DATA BLOCK >>
►
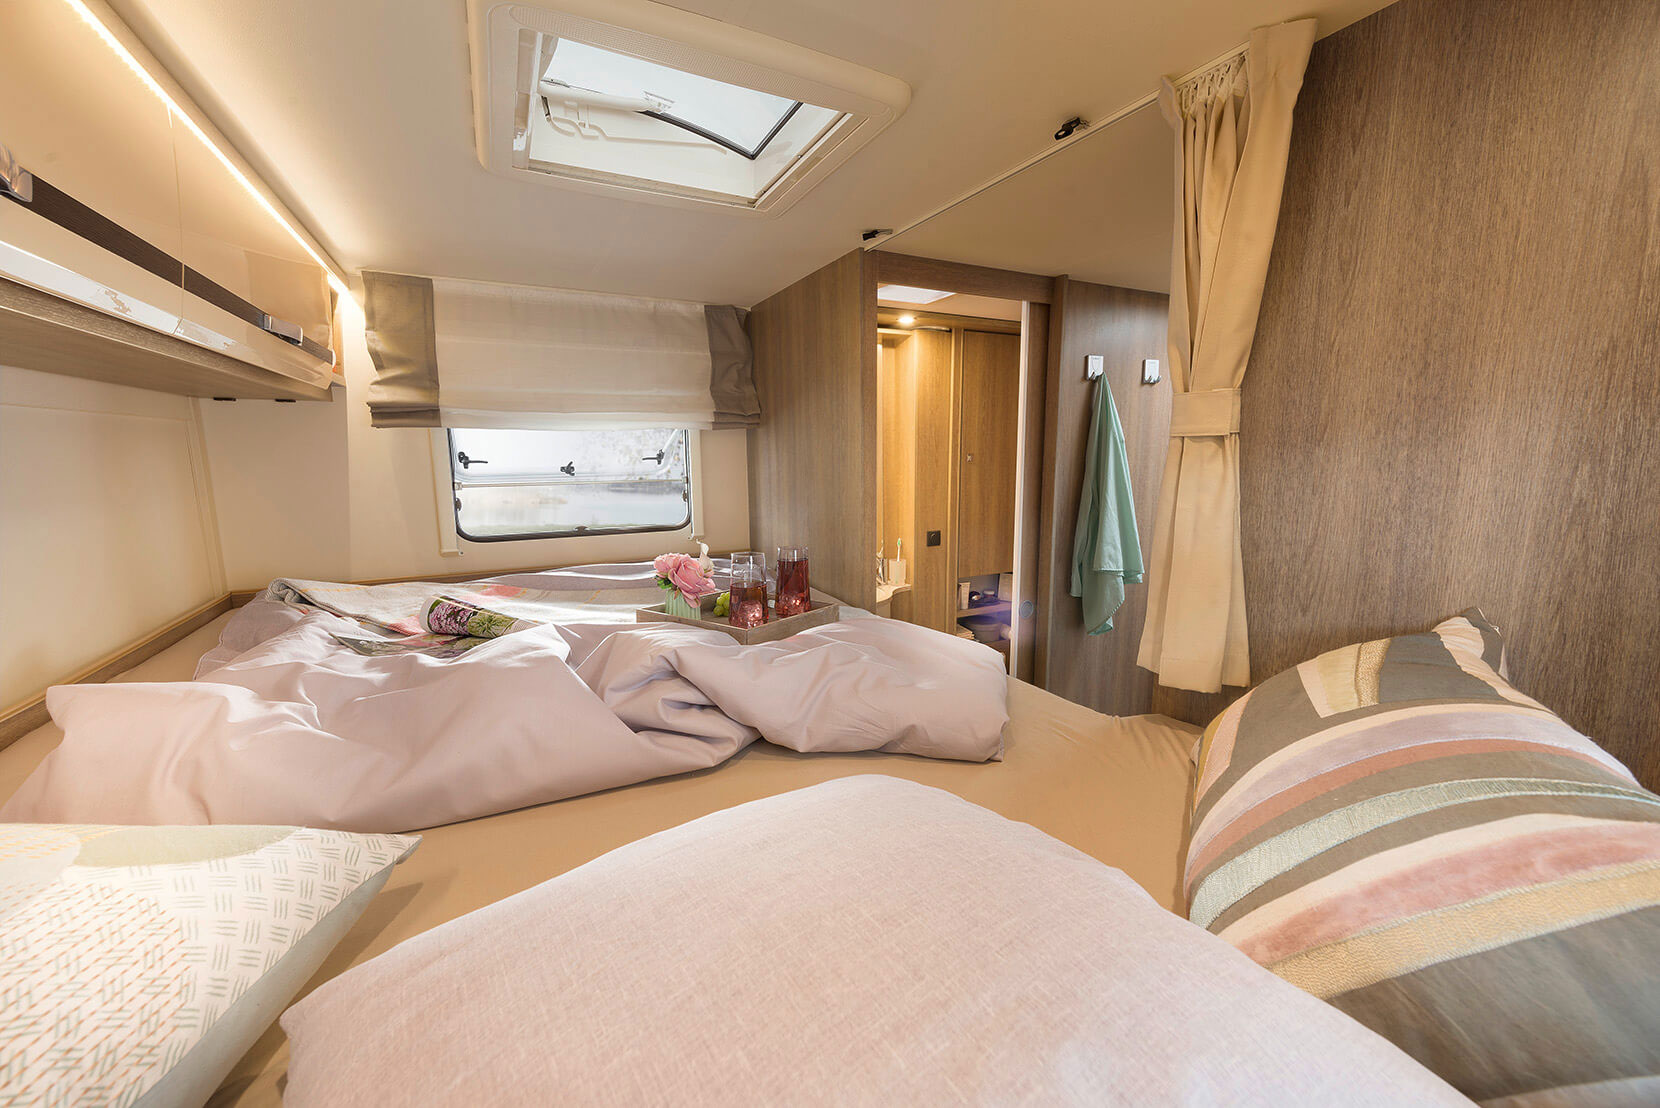 Enough space for cosy relaxation: rear bed with plenty of headroom and a 210 x 150/140 cm sleeping area • A 6977
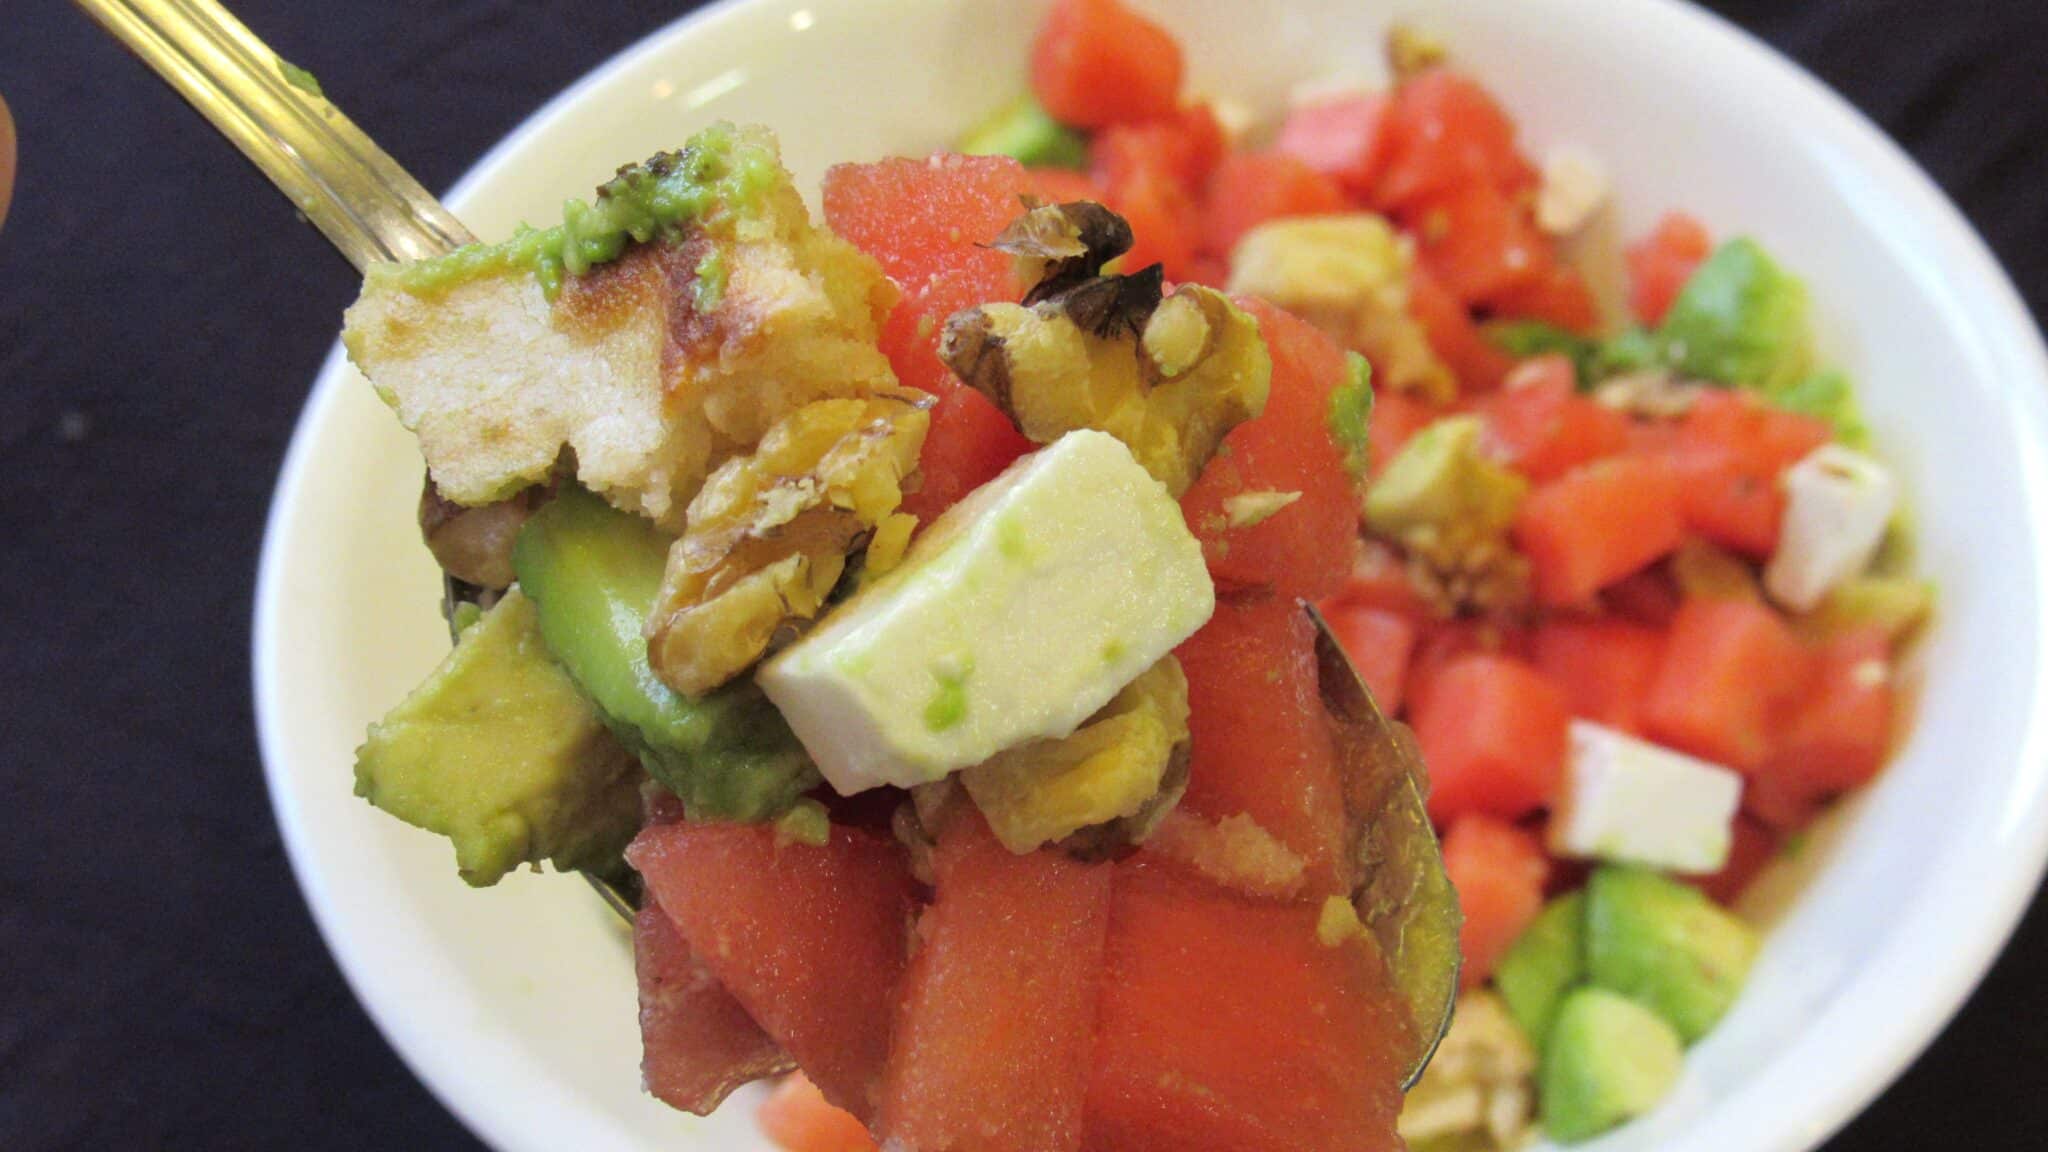 All the watermelon salad ingredients are mixed and served—a close-up image of a spoon full of watermelon salad.
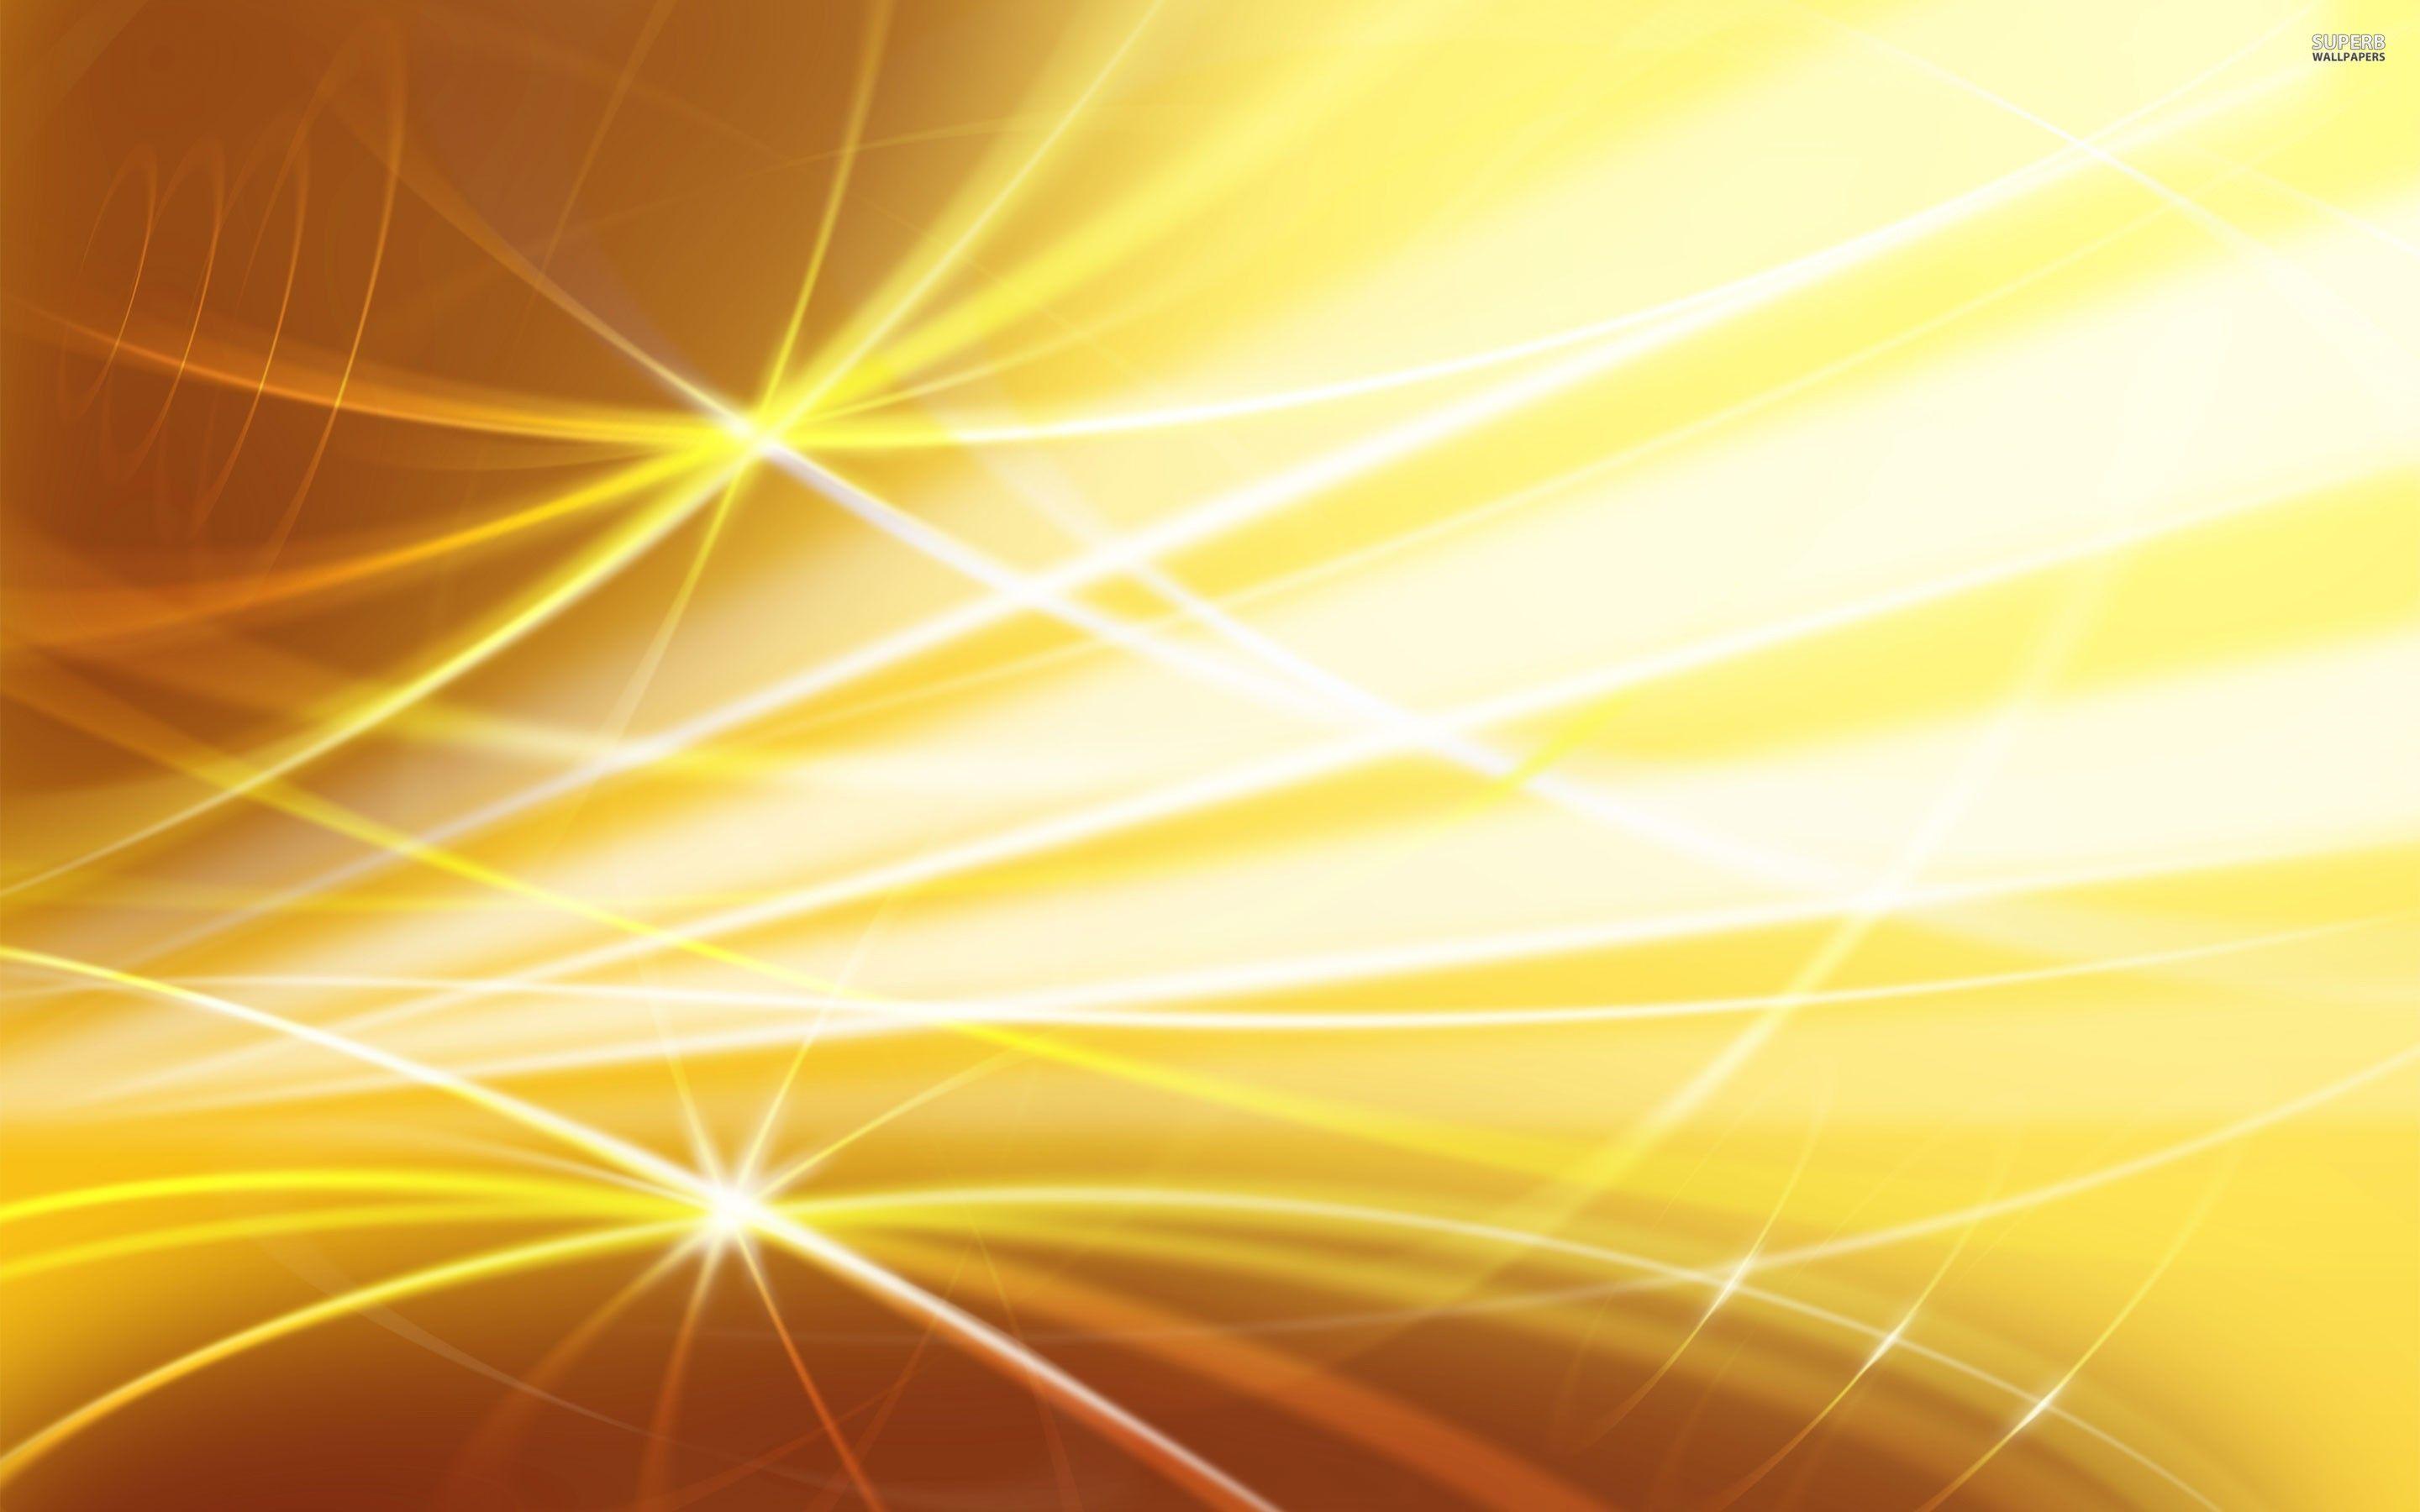 Wallpaper Of The Day: Golden
◄
DESCRIPTION OF THE TASK >>
Copy all of the data word for word, and keep the pictures out of it.

ANSWER SPACE >>
 Enough space for cosy relaxation: rear bed with plenty of headroom and a 210 x 150/140 cm sleeping area • A 6977
 All the watermelon salad ingredients are mixed and served—a close-up image of a spoon full of watermelon salad.
 Wallpaper Of The Day: Golden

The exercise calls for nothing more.